徳川一門でありながら、幕府にしがみつかなかった男。
将軍の座を狙わず、ただ、「日本のかたち」を案じ続けた。
開国か、攘夷か。
幕府か、倒幕か。
多くが剣を抜き、拳を握る中で、春嶽は静かに知恵を磨いた。
歴史の表舞台にはあまり出ない。
けれど、多くの“あの決断”の背後に、この男の影があった。
幕末の名門・福井藩主にして、徳川一門
松平春嶽は、1810年に江戸で生まれる。
将軍家とも縁の深い、徳川家の一族。
福井藩(越前松平家)を継ぎ、若くして藩主となった。
だが、その人生は安泰ではなかった。
藩財政は逼迫し、改革は待ったなし。
春嶽は、思い切った人材登用を進める。
橋本左内、由利公正――
のちの明治を支える若者たちに、自由に意見を言わせた。
彼にとって、家柄や年齢は問題ではなかった。
「今、必要な者を使う」
それが、春嶽の信念だった。
黒船と開国の衝撃。

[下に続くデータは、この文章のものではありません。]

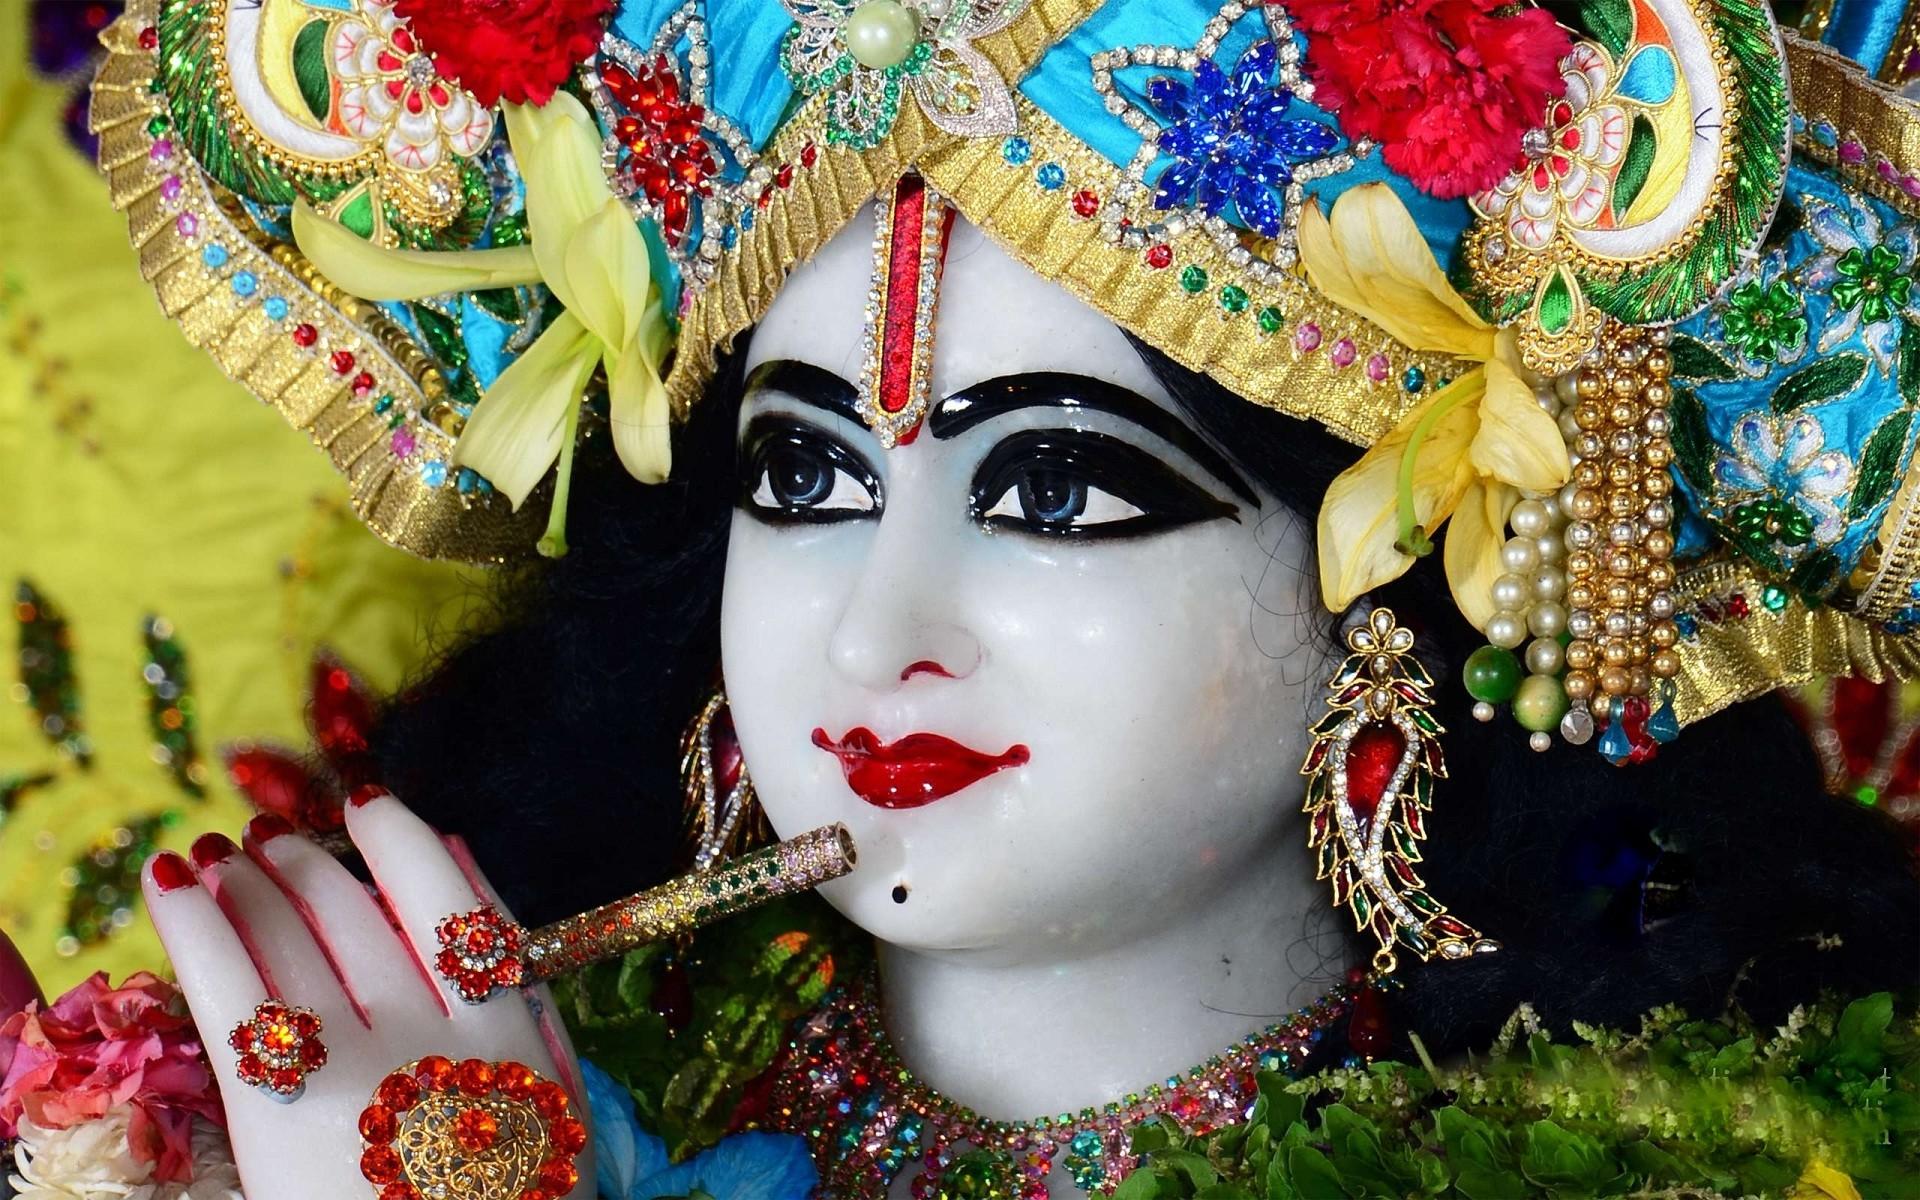 Lord Shree Krishna Hd Photos   Data Src Free Lord Krishna - Hd Krishna Images Free Download - HD Wallpaper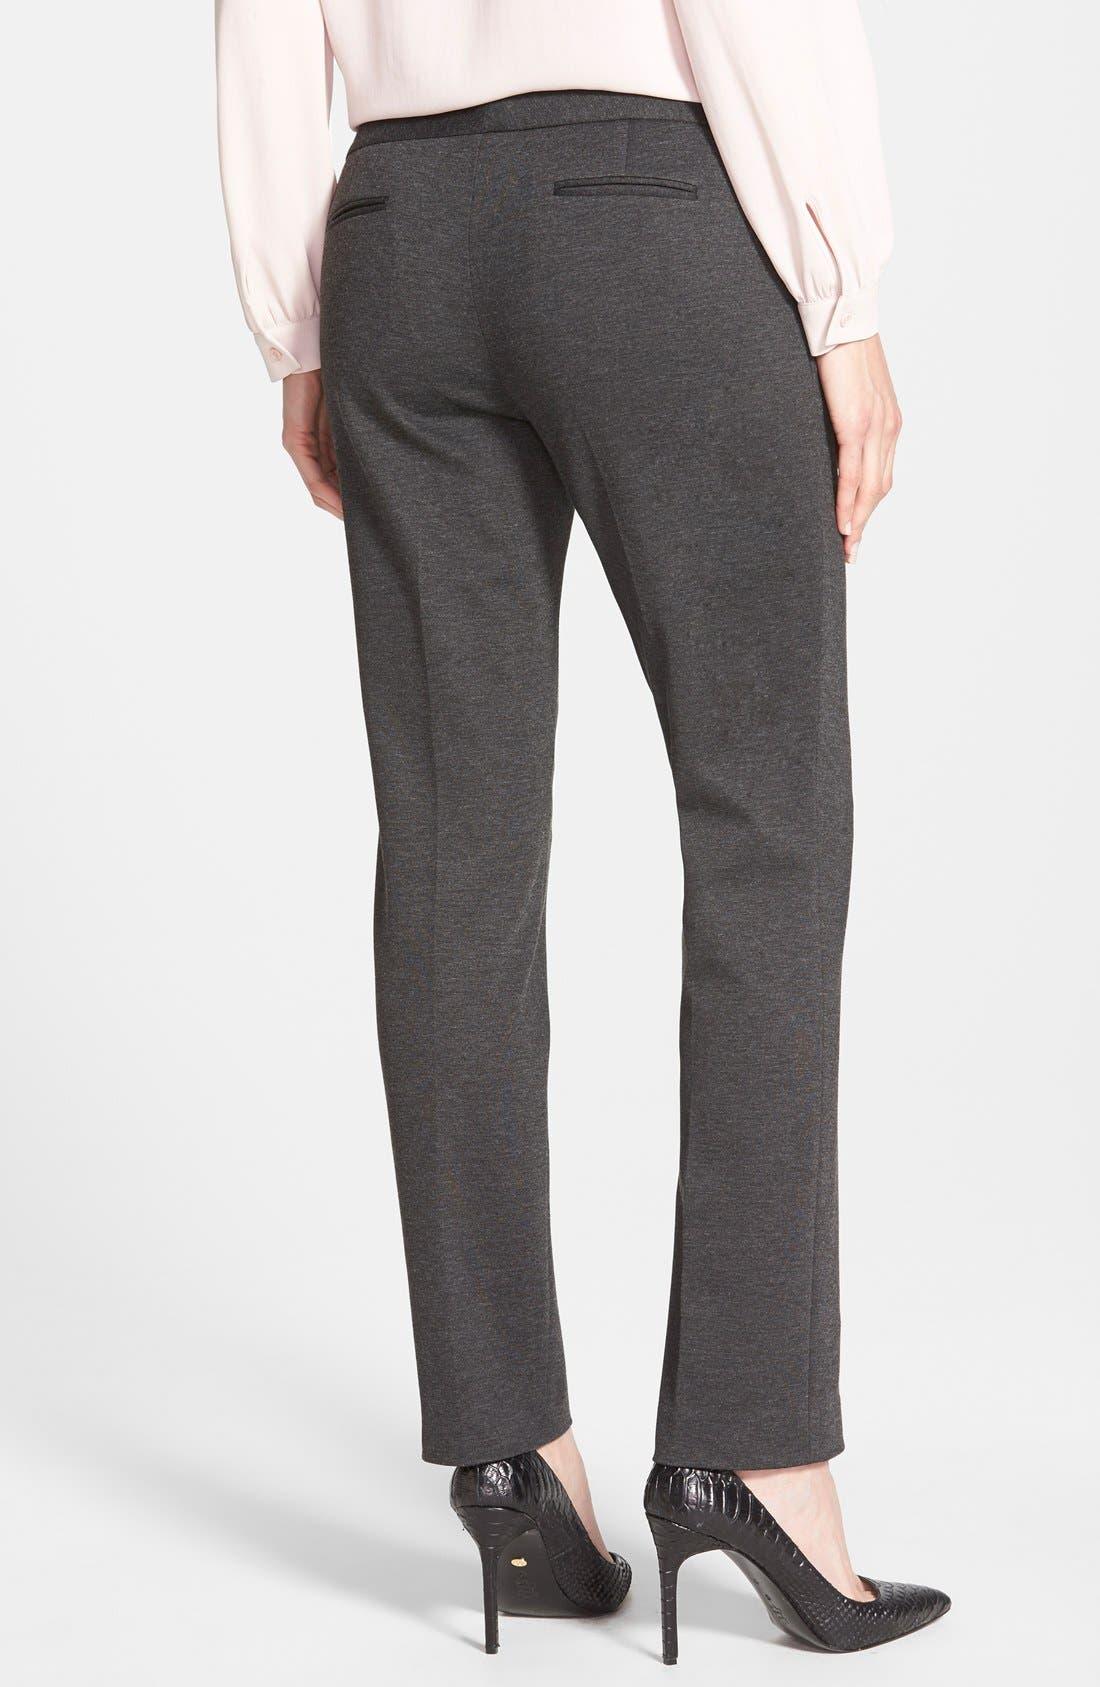 32336c12284 Women s Cropped   Capri Pants

決断を迫られる幕府
1853年、ペリーが浦賀に来航。
幕府は開国か攘夷かで揺れた。
春嶽は考えた。
今の日本に攘夷などできる力はない。
ならば、開国と近代化。
ただし――日本の心を忘れぬままに。
彼はそう言って、国の方針に口を出し始める。
「越前の殿様」と呼ばれた春嶽は、やがて幕政の中枢へと引き上げられる。
一橋慶喜の将軍擁立、そして政治総裁職へ
将軍を誰にするか――。
幕府最大の課題に直面したとき、春嶽は、徳川慶喜(のちの十五代将軍)を推した。
「時代の目を持つのは、この男だ」
そう信じて、一橋派をまとめた。
そして彼自身も、幕政改革を担う「政治総裁職」に就任。
だが、改革は容易ではなかった。
守旧派の反発。
長州・薩摩の動き。
混迷の中、彼は静かに、政の裏を支えた。
最後まで「中庸」を貫いた政治家
幕府にも、倒幕にも寄りすぎない。
春嶽は最後まで「中庸」を目指した。
敵を作らぬように、ではない。
どちらにも偏ってはいけない――
それが、この国を守る道だと信じていた。
彼の姿勢は、時に“優柔不断”と揶揄された。
けれど、誰よりも先に、近代国家のかたちを描いていたのは、
松平春嶽だった。
まとめ
松平春嶽は、戦場に出ることも、血で血を洗う決断をすることもなかった。
けれど、彼がいたから救われた命があった。
彼がいたから、繋がった知恵があった。
将軍ではなかった。
だが、政のど真ん中にいた。
静かに、柔らかく、強く――
彼の生き方は、まさに「幕末のもう一つの理想」だった。